## Material provided
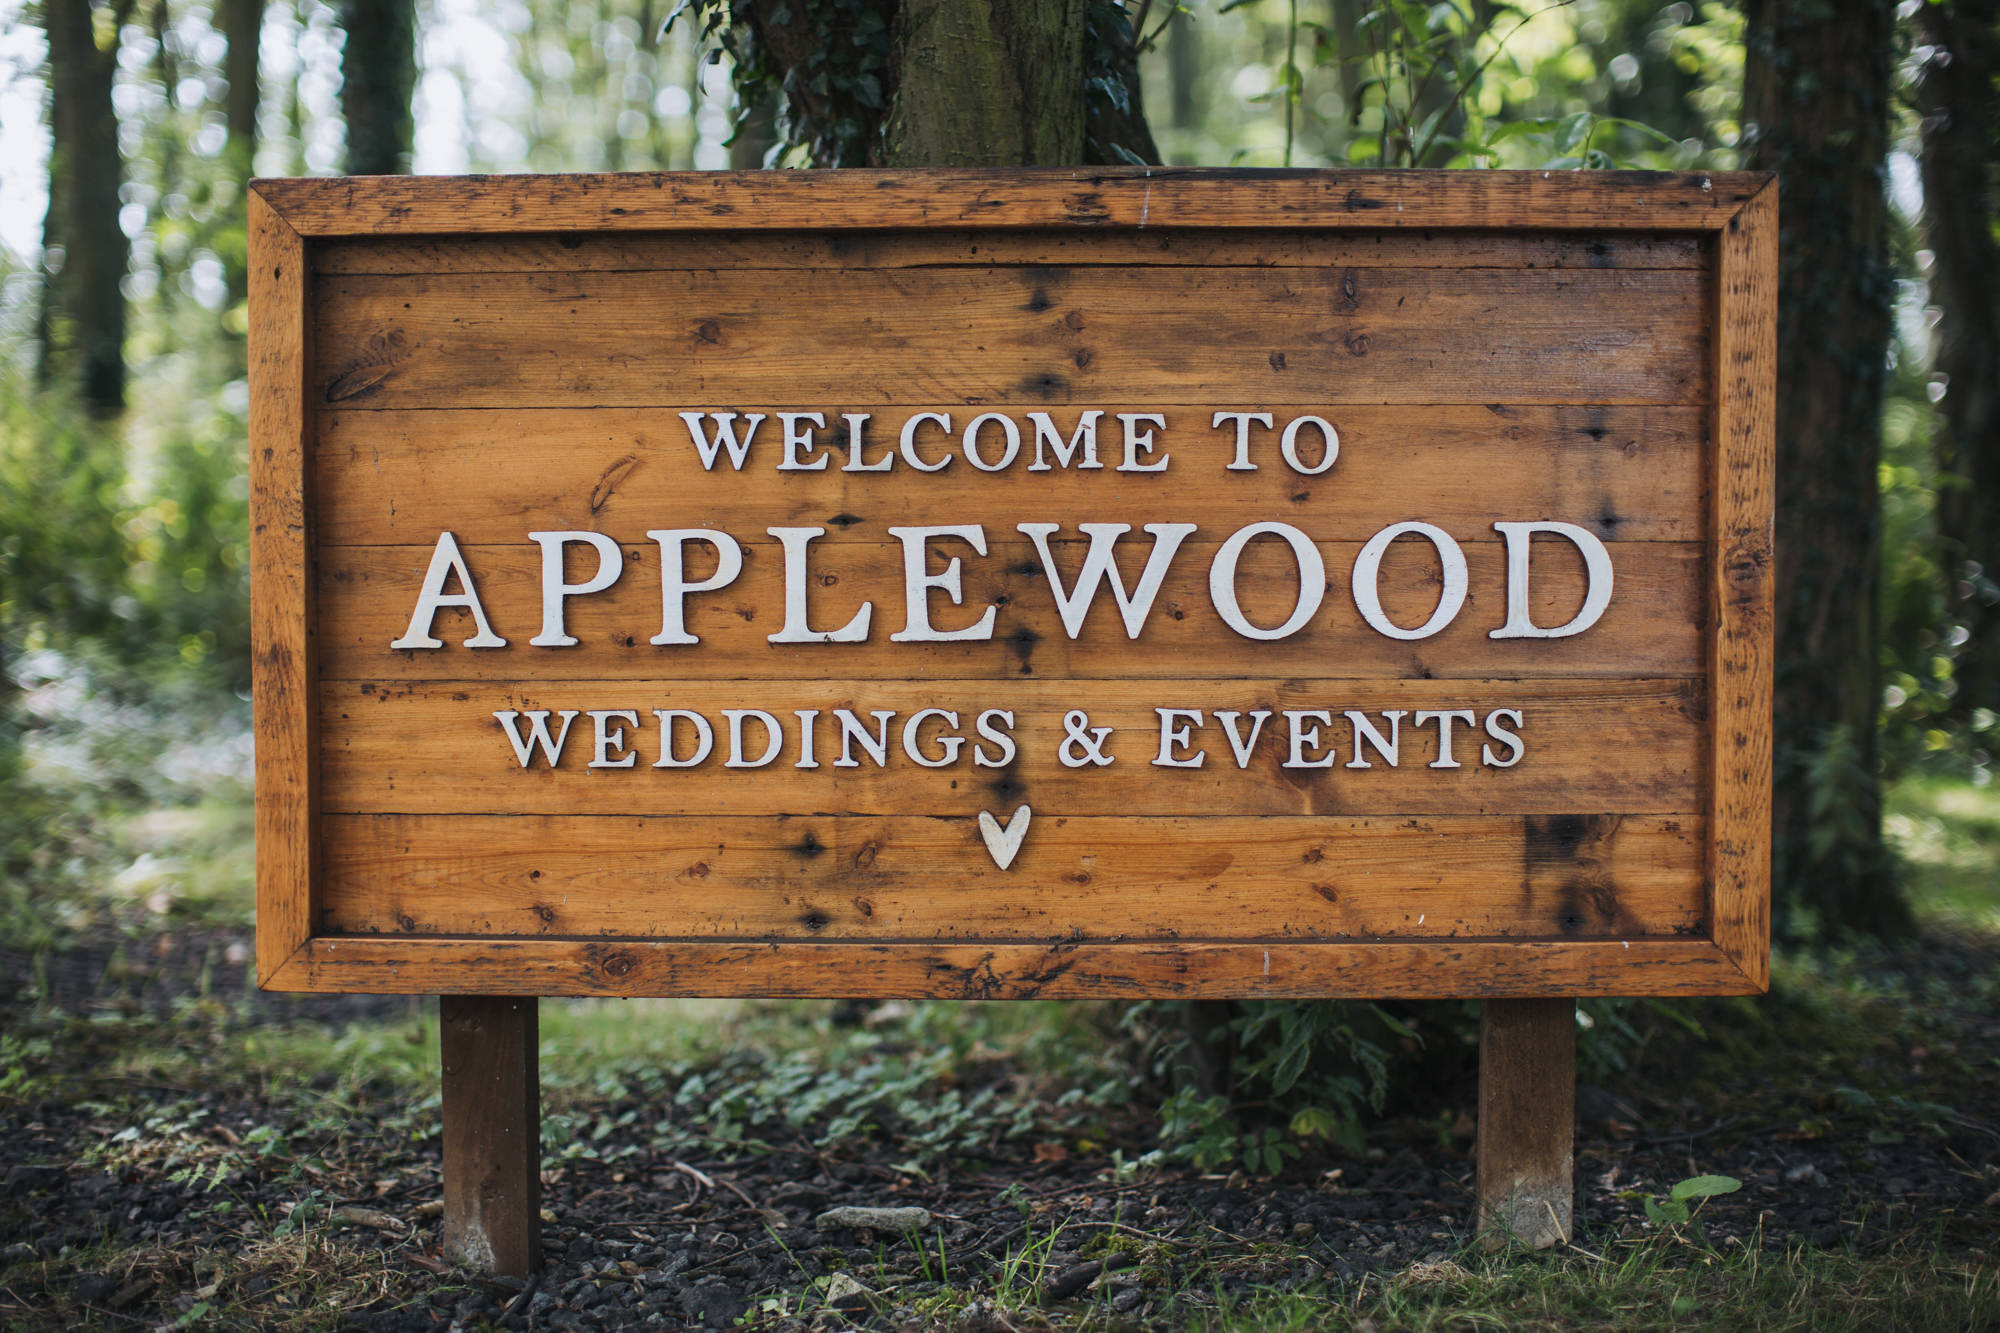 applewood wedding photographer leeds, yorkshire10.jpg
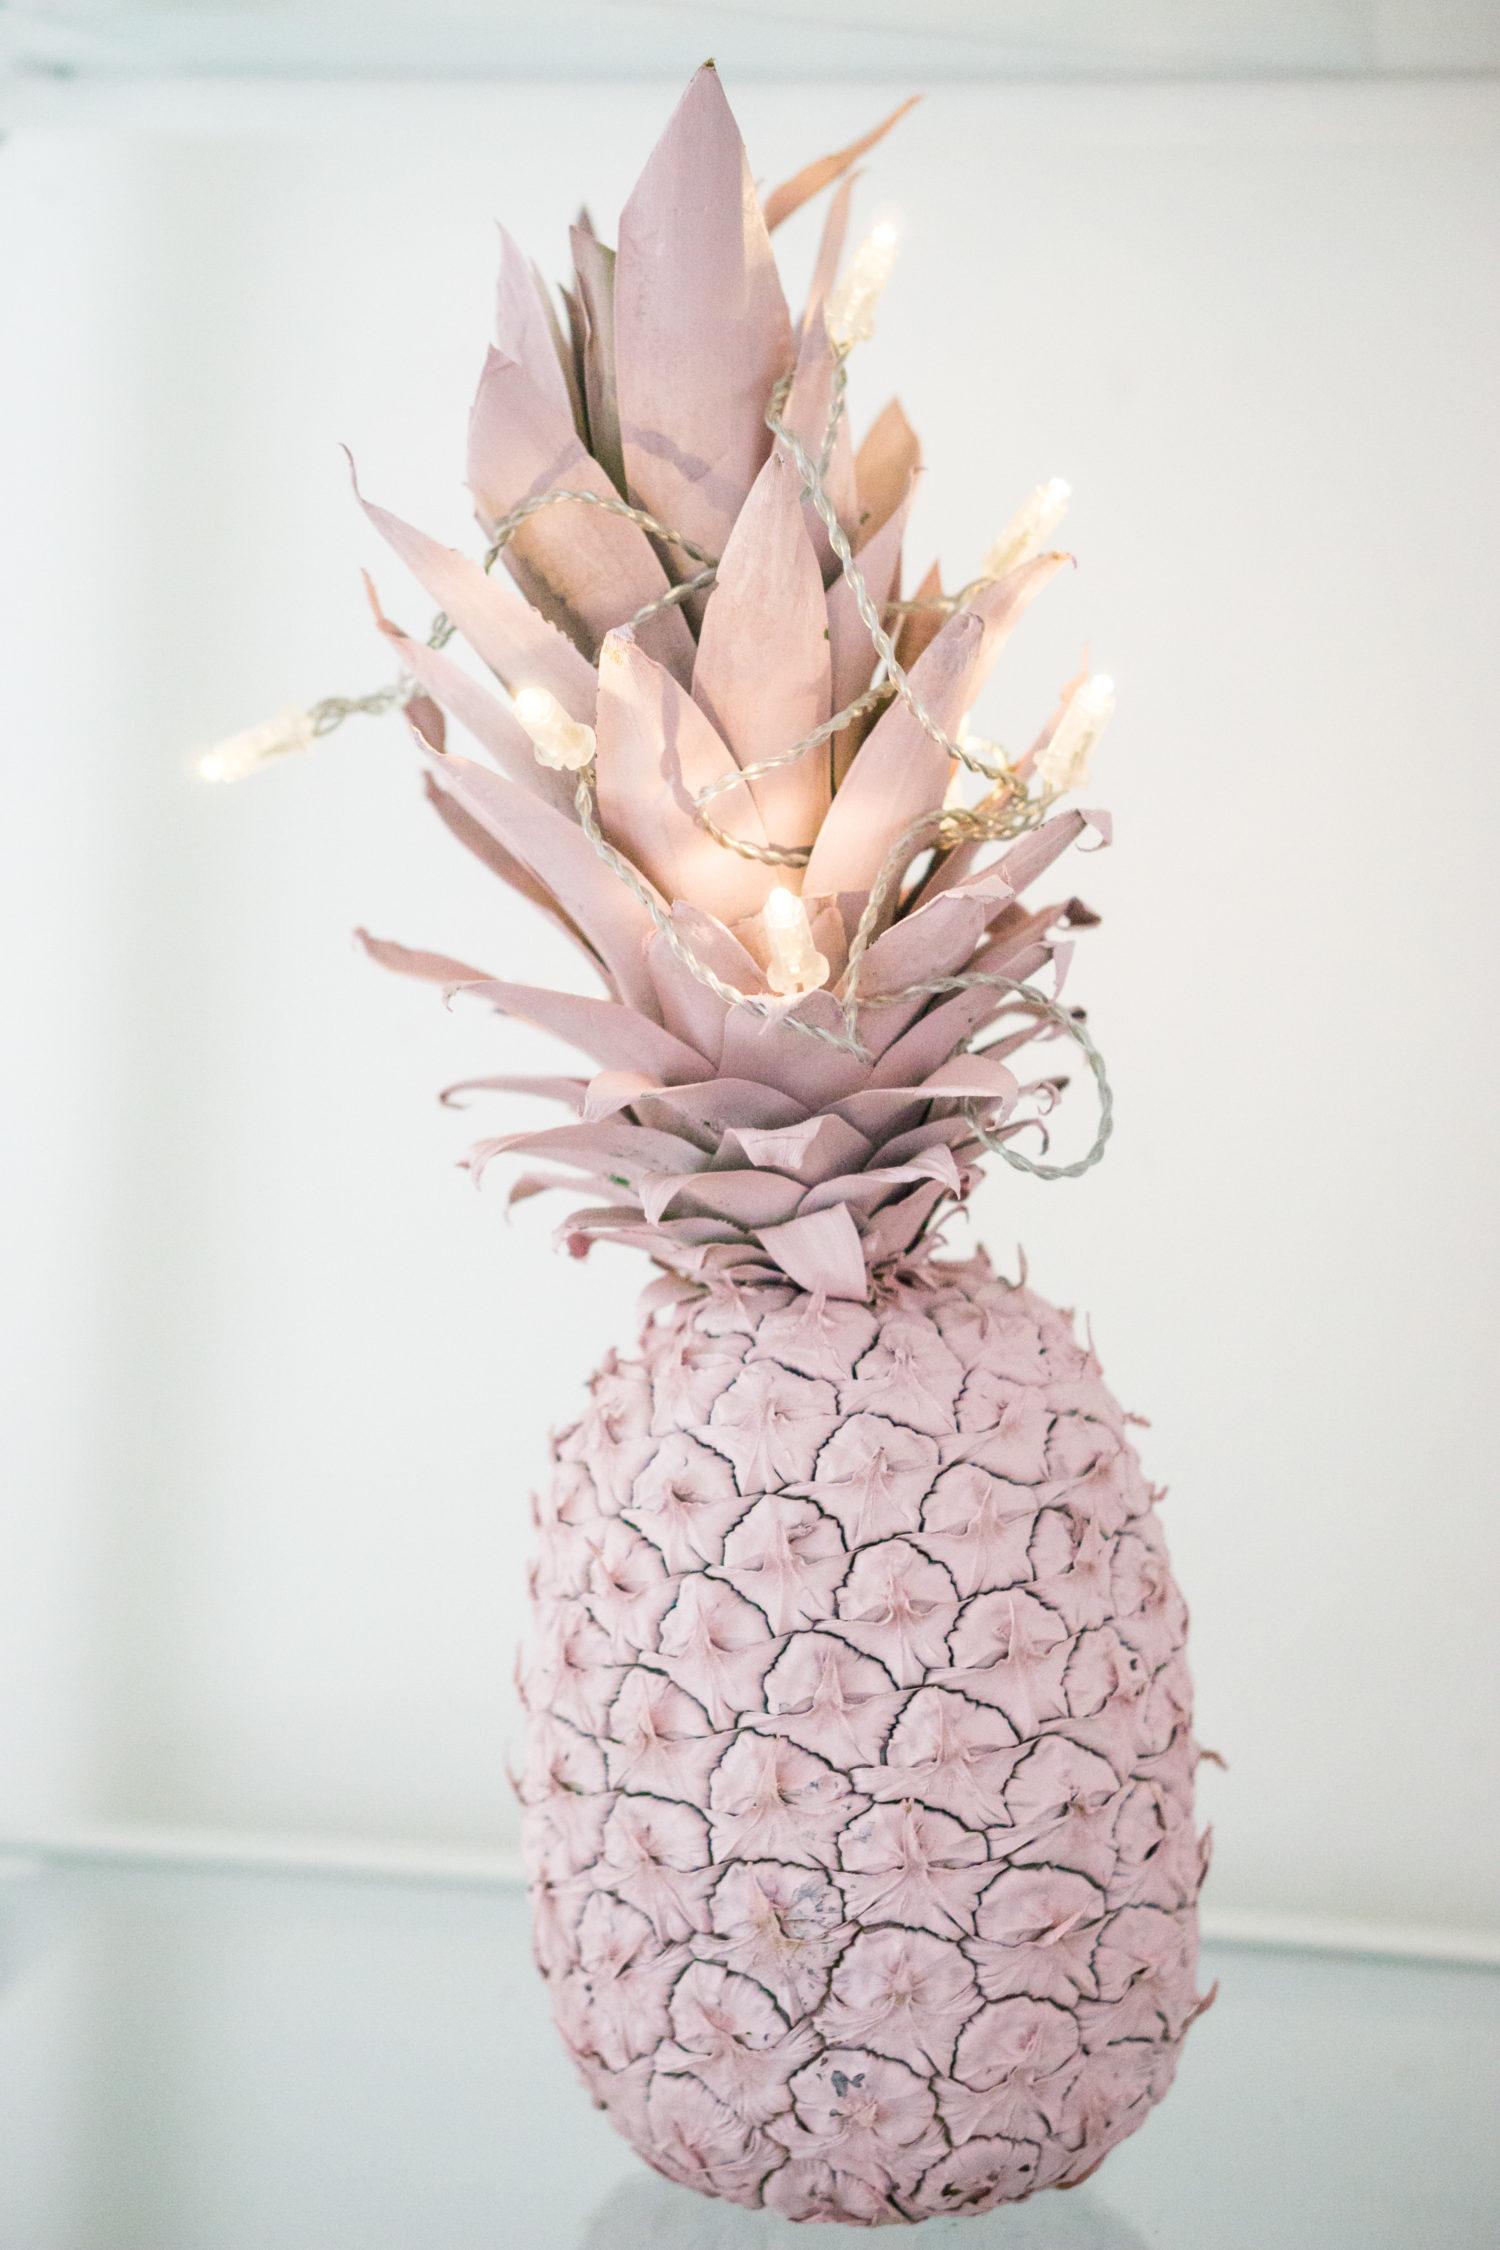 DIY painted pineapple decor idea
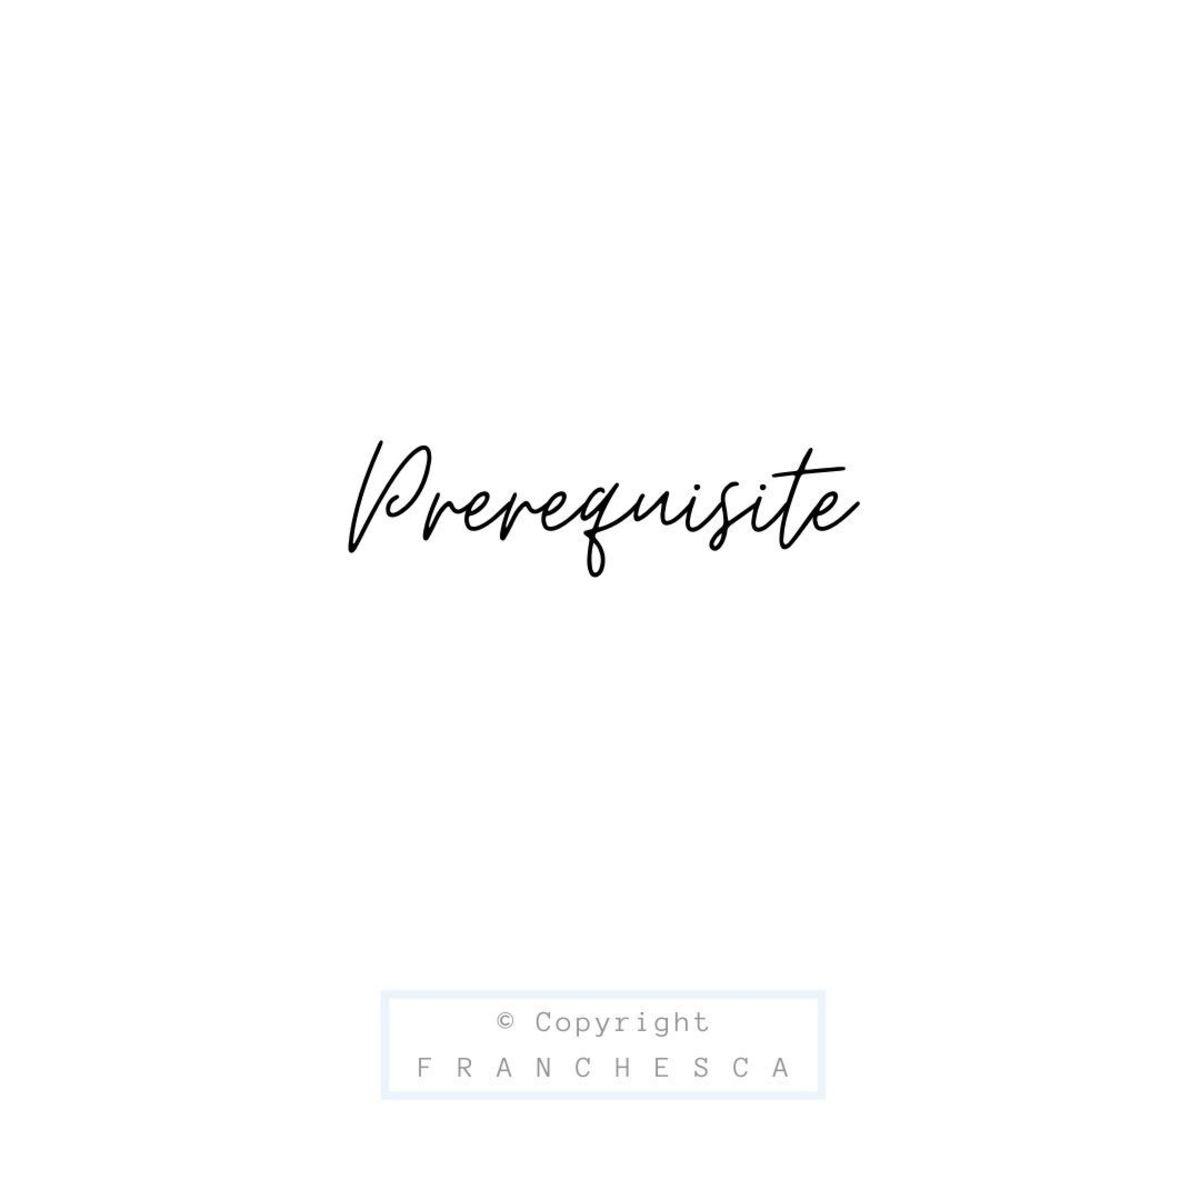 180th Article: Prerequisite

## Your objective
The answer is the run of lines from the one with "DIY painted pineapple decor idea" through the final line of the data, copied exactly, and nothing else; no pictures.

## Solution for this exercise
 DIY painted pineapple decor idea
 180th Article: Prerequisite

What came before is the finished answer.